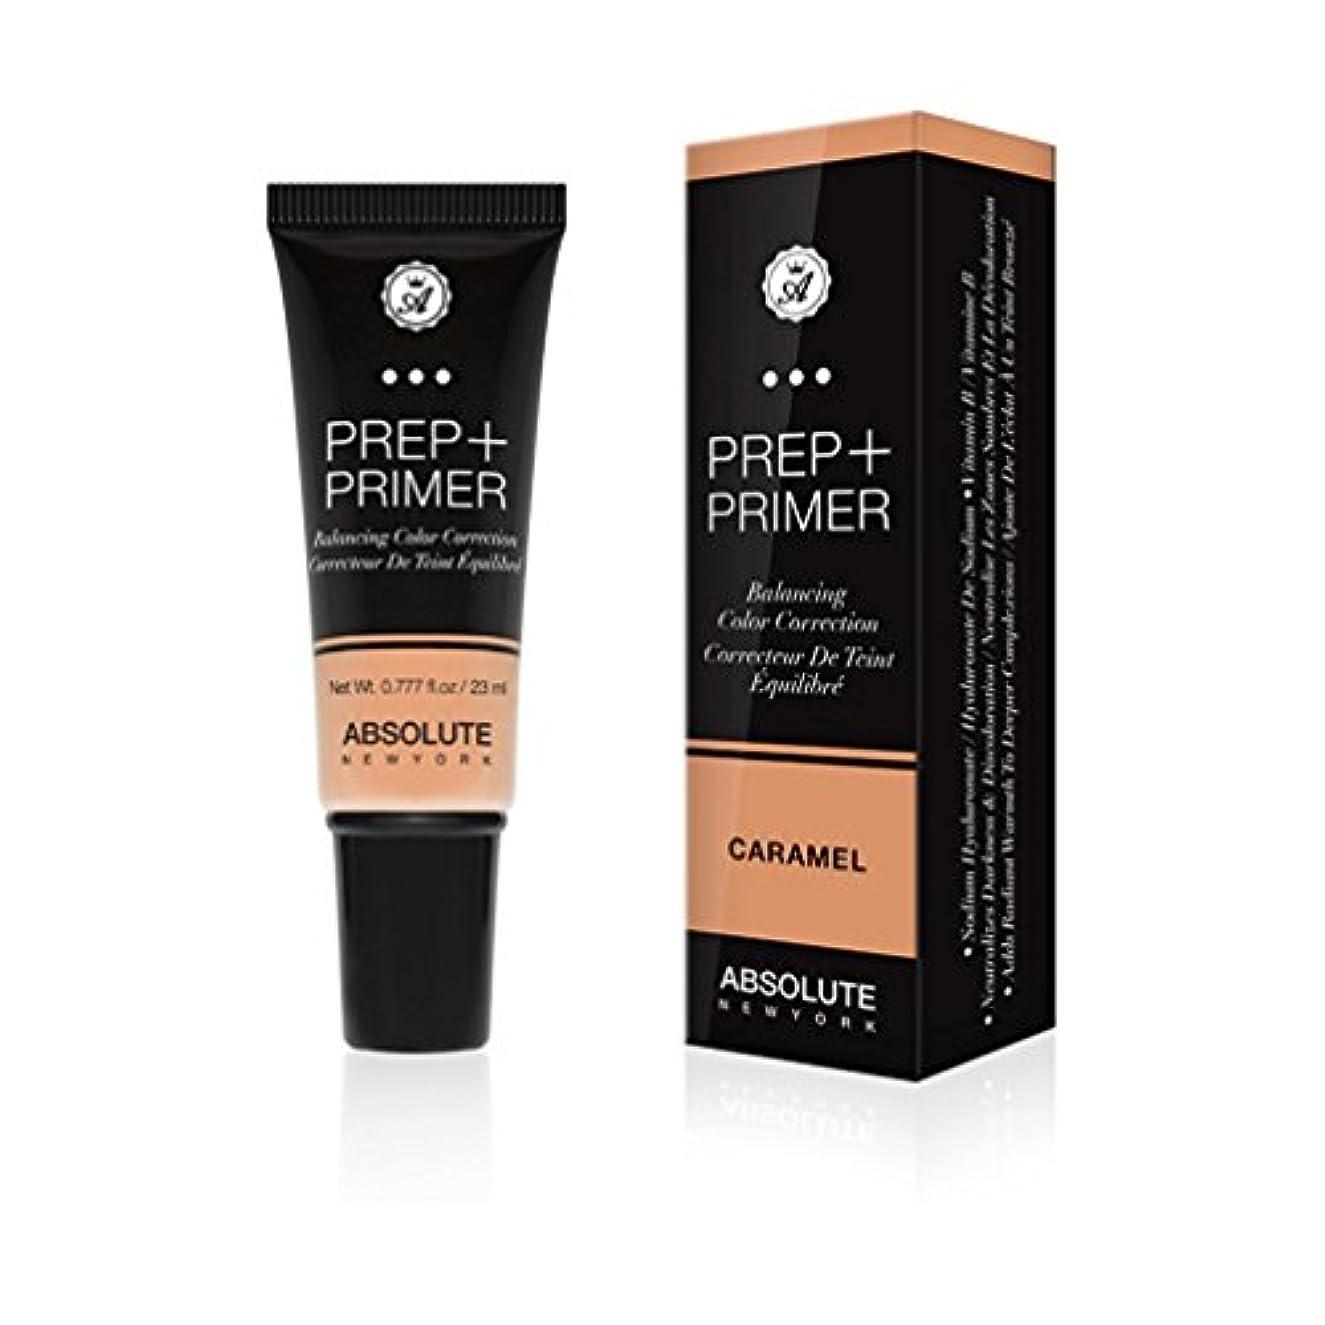 反応する小川近所の(3 Pack) ABSOLUTE Prep + Primer - Caramel (並行輸入品)
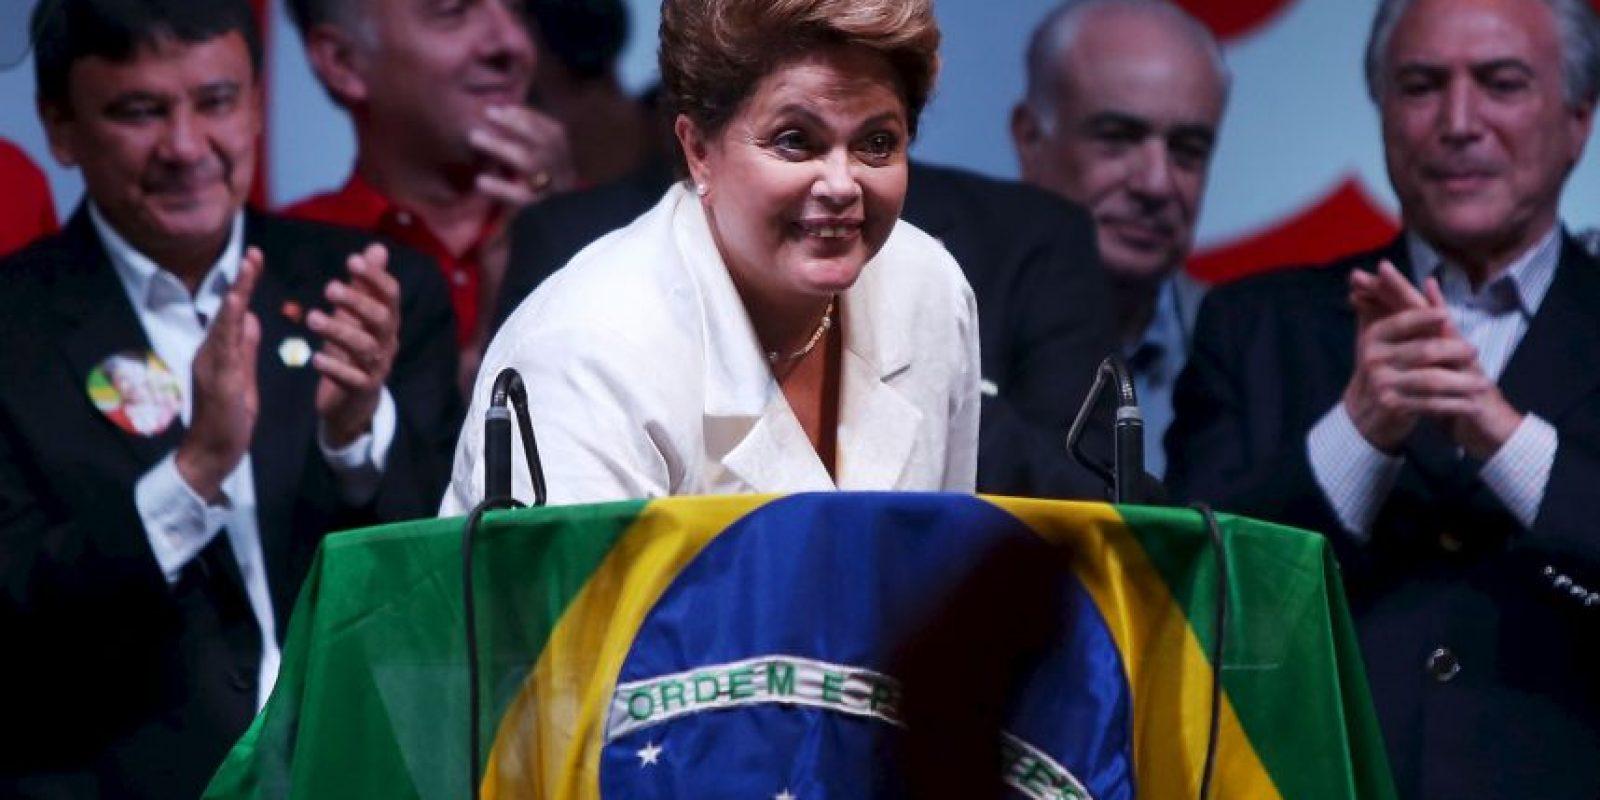 7. Asimismo, manifestó estar indignada por la decisión del juez. Foto:Getty Images
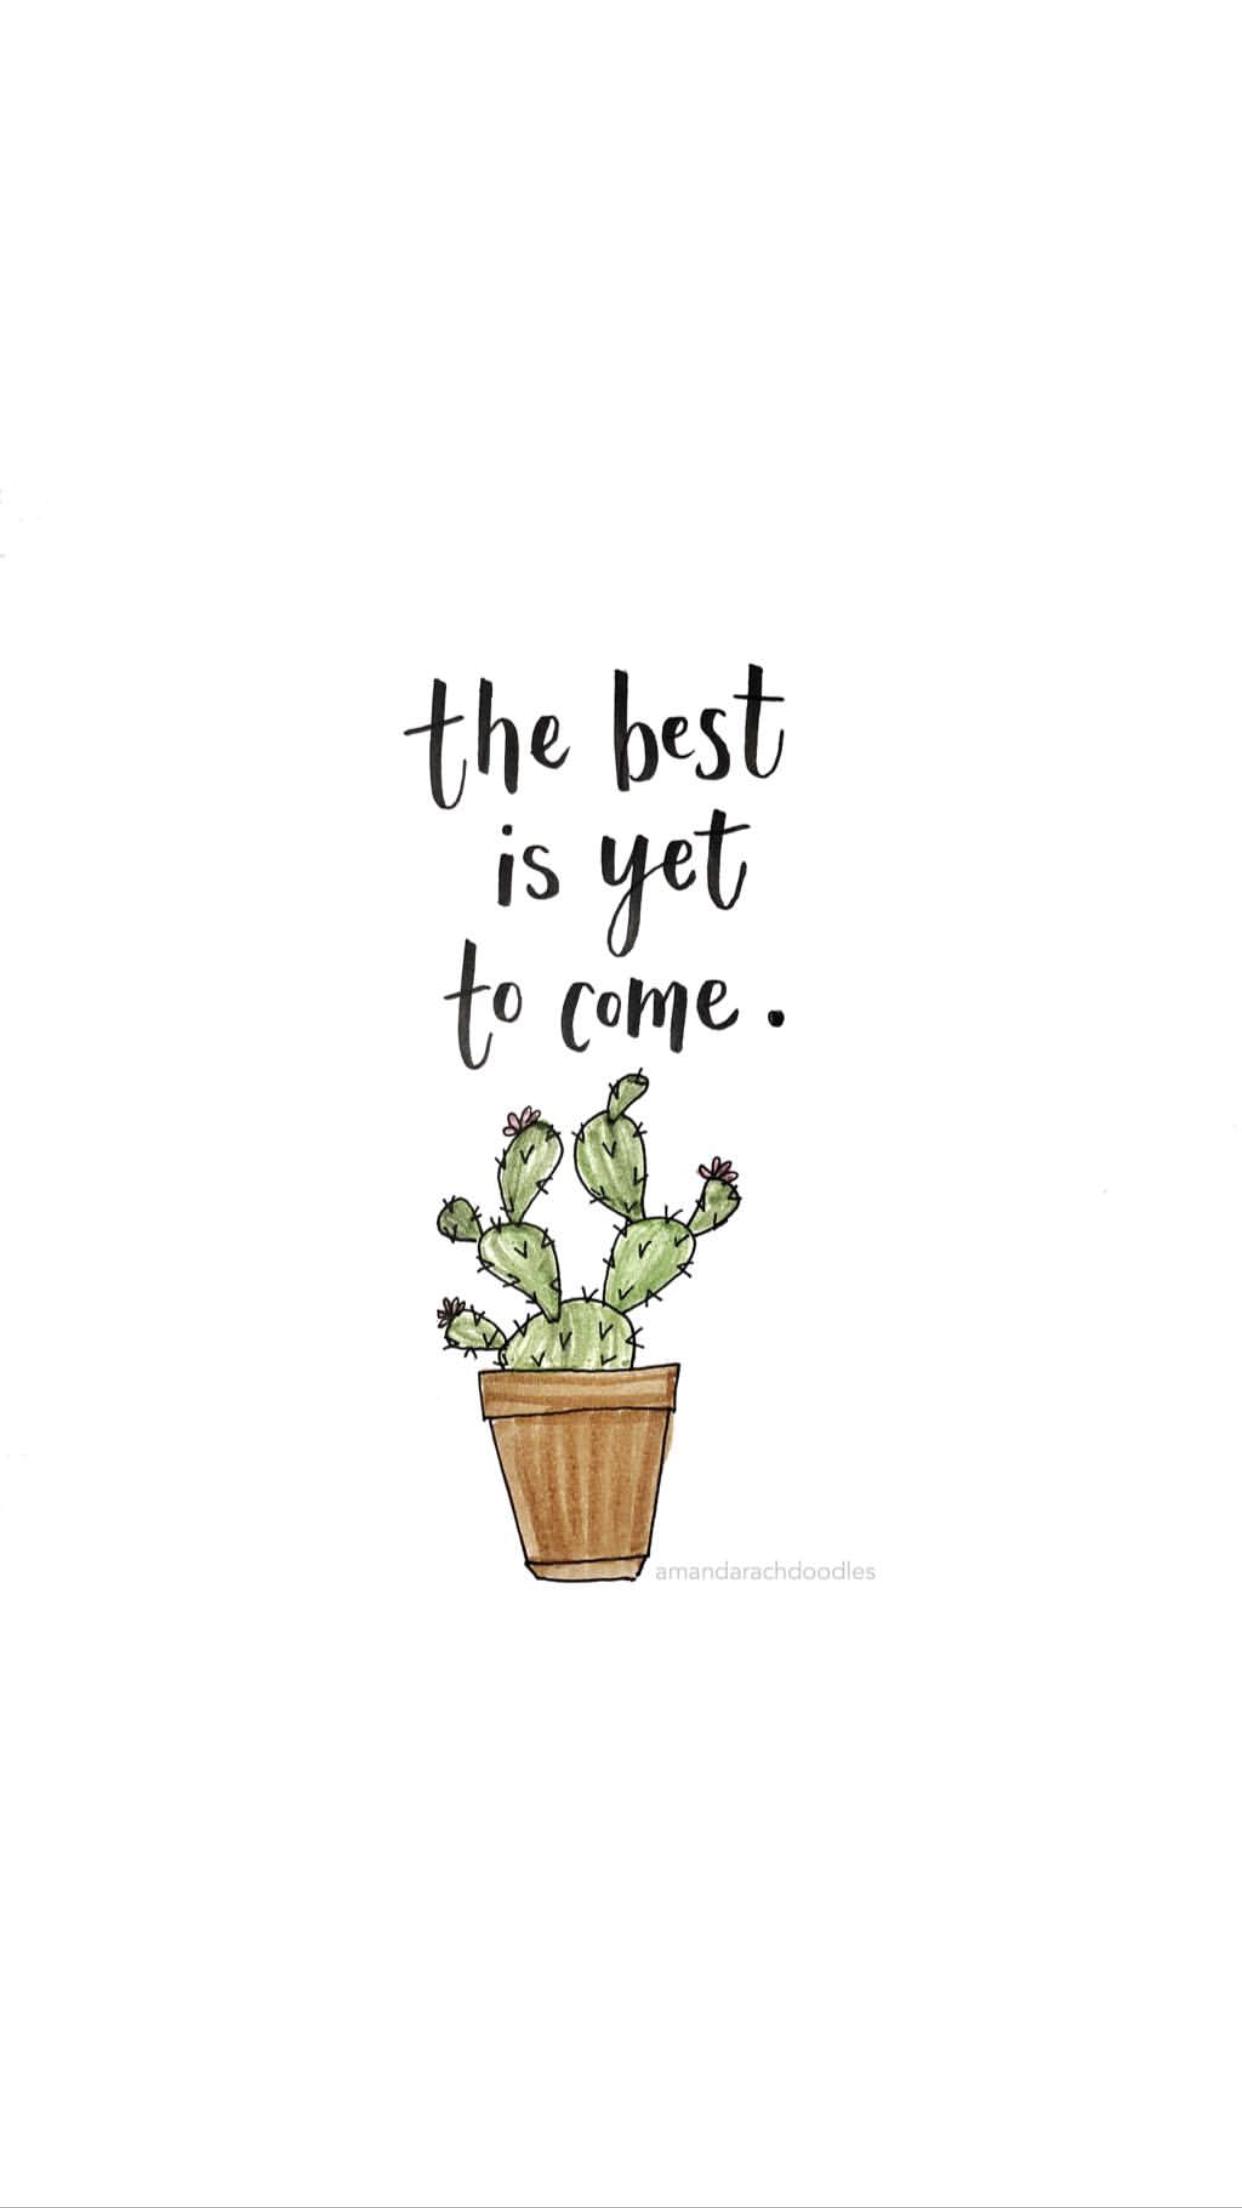 The Best Is Yet To Come The Best Is Yet To Come Plant Wallpaper Wallpaper Quotes

···

Prompt:
Leave the images aside and retype each line of the listing above exactly.

Response box:
 反応する小川近所の(3 Pack) ABSOLUTE Prep + Primer - Caramel (並行輸入品)
 7. Asimismo, manifestó estar indignada por la decisión del juez. Foto:Getty Images
 The Best Is Yet To Come The Best Is Yet To Come Plant Wallpaper Wallpaper Quotes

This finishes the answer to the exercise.